When the health centre at Tungan Addaka in Anka LGA was constructed some years ago, Mr Abdullahi was deployed to head the facility. When the security situation deteriorated, the authorities shut down the health centre. “The health centre was located along the route of the bandits,” he said.
Mr Abdullahi was then transferred to head the health centre in Abare, another volatile community in Anka LGA. When the attacks in Abare started getting more frequent, he made a decision. “I stopped going there,” he told PREMIUM TIMES
“It was already a few months to my retirement, so I stopped going there. When it was time to retire, I wrote and tendered my retirement notice. I retired on 1st November 2023.”
An aged problem
In northern Nigeria, complete immunisation coverage and adequate access to healthcare services have always been challenges. However, banditry has worsened the situation, making it more precarious, said Mr Oche, the medical consultant.
He said the abduction and attacks on health workers have also complicated the situation as health workers are resisting postings to such areas.
He added that villagers and health workers in the areas were at the mercy of “whatever is happening.”
“Now, the health workers are not there, services are not being rendered, medications are not going there… So it has made the health situation even more precarious now,” he said in a telephone conversation.
“So, when the villagers in those communities are sick, how do they access healthcare? They are even afraid of travelling from one local government to the other for fear of being kidnapped.”
“Therefore, we must be able to address the issue of insecurity,” he said, adding that the health sector is ‘suffering’.
Mr Oche said the high number of children with ‘zero dose’ of essential vaccines and the low immunisation coverage in the region have always been sources of concern for public health practitioners like himself.

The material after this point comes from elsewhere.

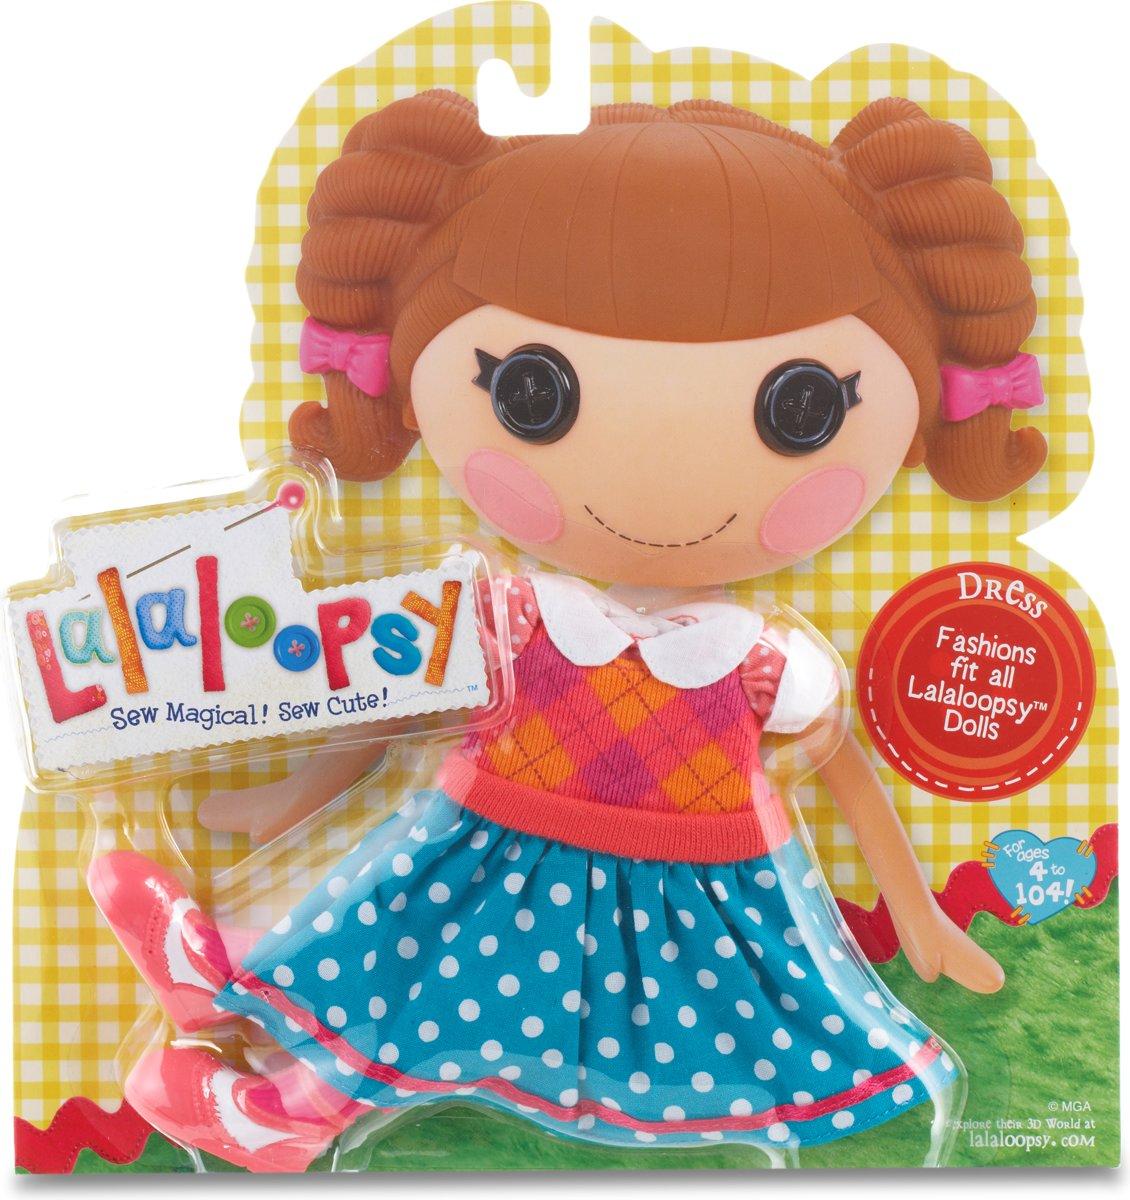 Kleding Lalaloopsy: poppenkleding jurkje met laarsjes

Out of curiosity, the public health practitioner said he had taken the samples of some children in a community in Sokoto State to find out if they had taken the BCG vaccine. However, he found that more than 30 per cent of them are not vaccinated against tuberculosis.
“I asked the community leader and he said they’ve only heard of immunisation through the radio, but ‘they don’t come here’,” he said.
Mr Oche added that the challenges that must be overcome to increase immunisation coverage include security, awareness and motivation of health workers who administer the vaccines.